Я шел домой после смены. Была осень, холодная, промозглая, с мелким дождем, который проникал под одежду и оставался там до утра. Я шел медленно. Спешить было некуда. Дома ждала мать, но я не хотел приходить рано — там было холоднее, чем на улице. Там был её взгляд, её молчание, её вечная обида на жизнь, которая её обманула. Я думал о Кэне.       Где он сейчас? Может, в Китае. Может, в Маньчжурии. Может, уже нигде. От него не было писем, но я всё равно ждал. Каждый день, возвращаясь с завода, я заглядывал в почтовый ящик — пусто. Каждый день я надеялся — и каждый день учился не надеяться. Интересно, о чём он думает там, под чужим небом? О чём думают все они — те, кто ушел? Я свернул в переулок. Здесь, между двумя уцелевшими домами, можно было курить, не боясь патрулей. Достал мятую папиросу, закурил. Тот самый вкус — горький, как всё в этом городе.       И вдруг подумал: а ведь Кэн мог не идти. Он был двоечником, последним учеником, безнадежным. Его могли оставить — таких обычно не брали в первую очередь. Но он пошел. Почему? Я вспомнил его лицо в тот день на вокзале. Он улыбался криво, как всегда, но в глазах было что-то другое. Не страх, не гордость, не отчаяние. Пустота? Или наоборот — надежда? Может быть, он думал, что там, на войне, он станет кем-то. Что форма сделает его человеком. Что пуля, наконец, объяснит ему, зачем он жил.
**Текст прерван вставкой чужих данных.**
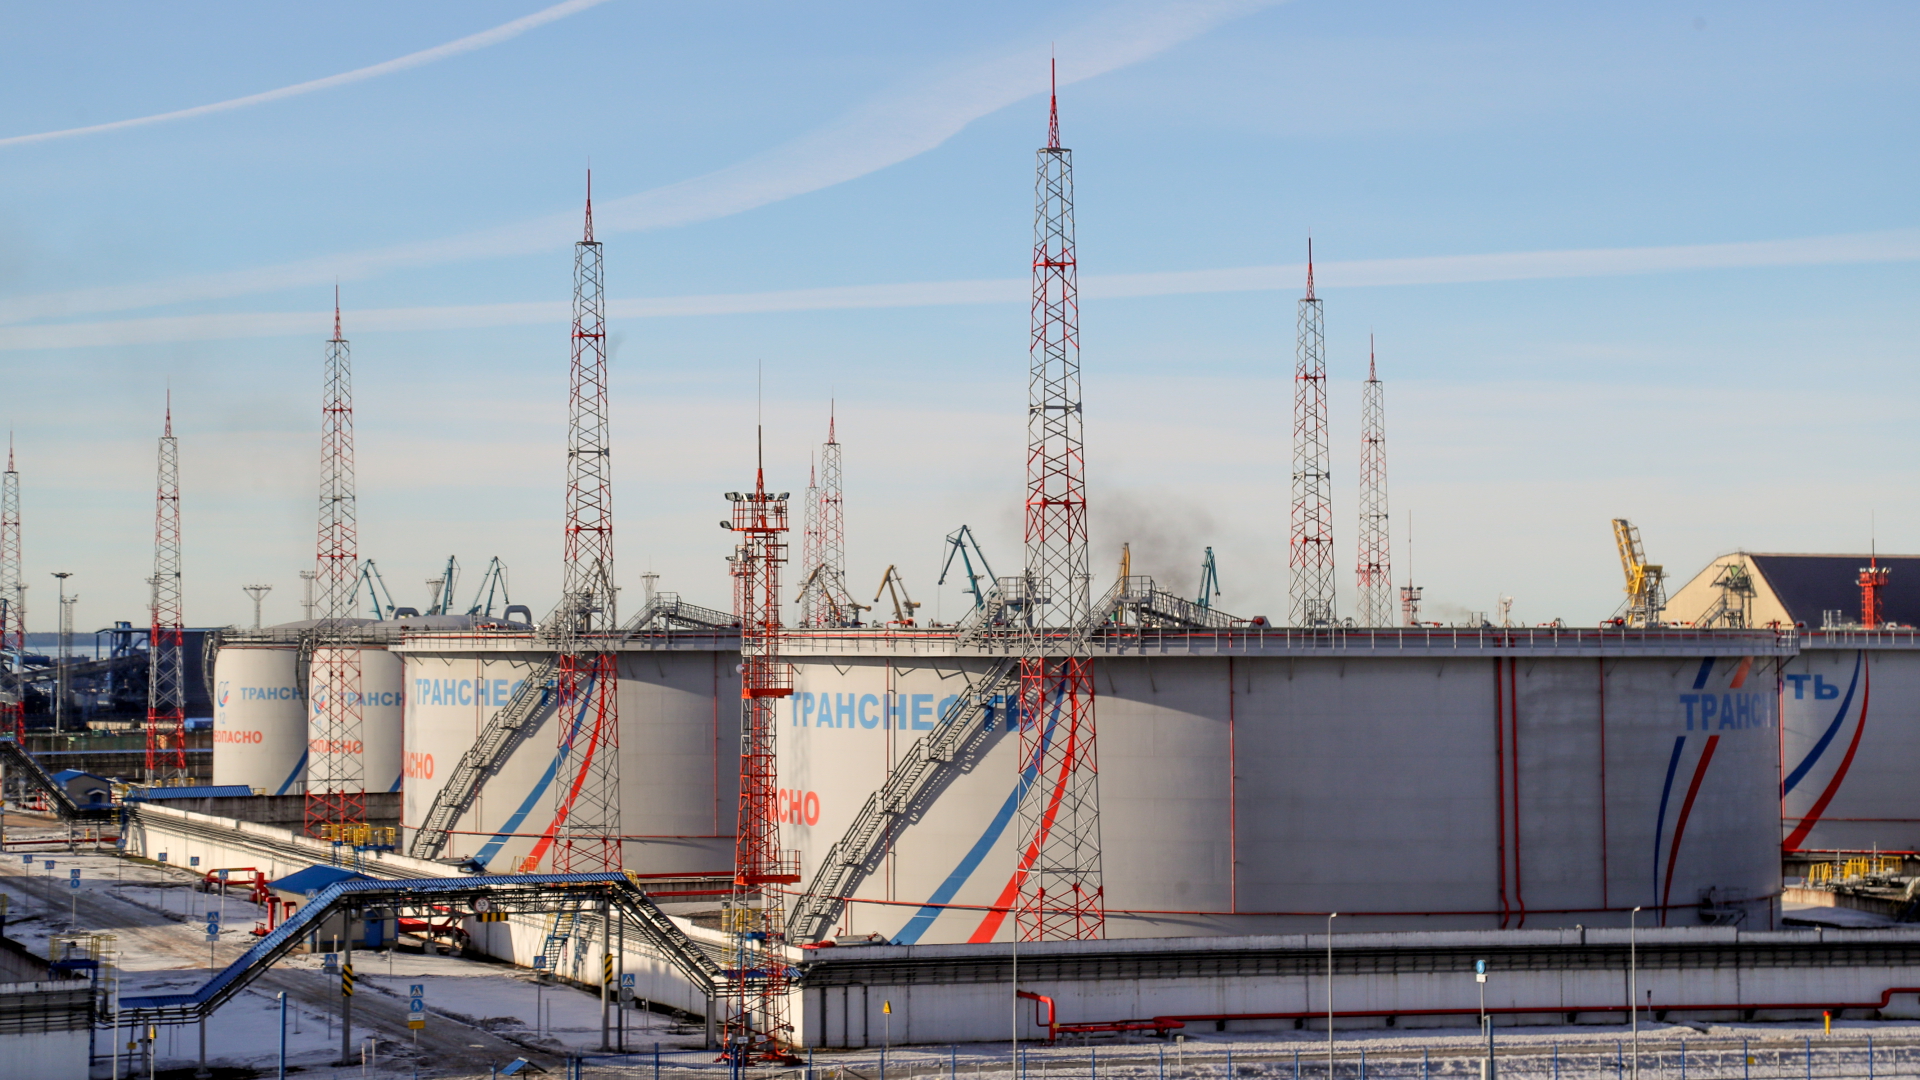 Tanks von Transneft, einem staatlichen russischen Unternehmen, das die Erdöl-Pipelines des Landes betreibt, im Ölterminal von Ust-Luga.

Я затянулся и выпустил дым в темноту.

Война…

      Все говорят о ней так, будто она имеет смысл. Будто кровь, пролитая на полях Маньчжурии, удобрит почву для великого будущего. Будто заводы, где мы работаем как рабы, куют победу. Будто смерть Кэна — если он умер — это жертва во имя нации. А я смотрел на свои руки. Руки рабочего, руки разносчика газет, руки, которые никогда не держали оружия. И не понимал. Люди идут на фронт. Люди гибнут. Люди работают до потери сознания, чтобы государство могло делать свои самолеты и свои бомбы. А зачем? Ради императора? Я никогда не видел императора. Ради нации? А что такое нация? Те же люди, которые спят, едят, гадят, умирают. Такие же, как я, как Кэн, как Ёсида, как мать, как та женщина из второго подъезда, которая топит горе в сакэ. Ради будущего? Какого будущего? Будущего, где не будет нас? Где будут другие люди, которые будут так же не понимать, зачем они живут?

***

Война — это когда государство просит тебя умереть за него, а ты соглашаешься, потому что боишься, что иначе умрешь от стыда».

***

      Может быть, в этом всё дело. Не в великой цели, не в патриотизме, не в долге. А в страхе. Страхе быть не таким, как все. Страхе, что тебя назовут трусом. Страхе остаться одному — в этом мире, где одиночество хуже смерти. Но как бы мне не хотелось война никогда не закончится, она была всегда и всегда будет. Это закономерность, растянувшаяся на десятки веков. Человечество всегда шло с оружием друг на друга ради того, чтобы отбить у другого клочок земли. И я застал этот феномен, и мне так тошно, как никогда не было. Даже когда мать била и прожигала сигаретами футоны, мне не было так тоскливо. Как же я хочу умереть. Боже, как я хочу умереть.       А Кэн пошел, потому что боялся. Не смерти — боялся остаться. Остаться здесь, в этой пустоте, с этим заводом, с этой безнадежностью. Там, на войне, хотя бы видно, кто враг. Здесь враг был везде и нигде — в пустых глазах матери, в грохоте прессов, в бесконечных очередях за рисом.       Я докурил и выбросил окурок в темноту. Интересно, а я бы пошел? Если бы призвали — пошел бы? Я не знал. Я до конца не знал даже, хочу ли жить. А тут — умирать за что-то, чего не понимаешь.       Я пошел дальше. Дождь усилился, превратился в ледяную крупу. Где-то вдалеке выла сирена — учебная тревога. Люди привыкли, уже не бежали в убежища, только ускоряли шаг. На углу стоял полицейский. Проверял документы у запоздалых прохожих. Я достал свою карточку — рабочая, заводская, с печатью. Он кивнул, пропустил.       И вдруг я подумал: а ведь мы все — рабы. Не в том смысле, что нас бьют кнутом и держат в цепях. В другом: мы не знаем, зачем мы здесь. Мы просто делаем, что велят. Штампуем детали. Ходим на работу. Стоим в очередях. Ждем писем, которых нет. Умираем за императора, которого никогда не видели.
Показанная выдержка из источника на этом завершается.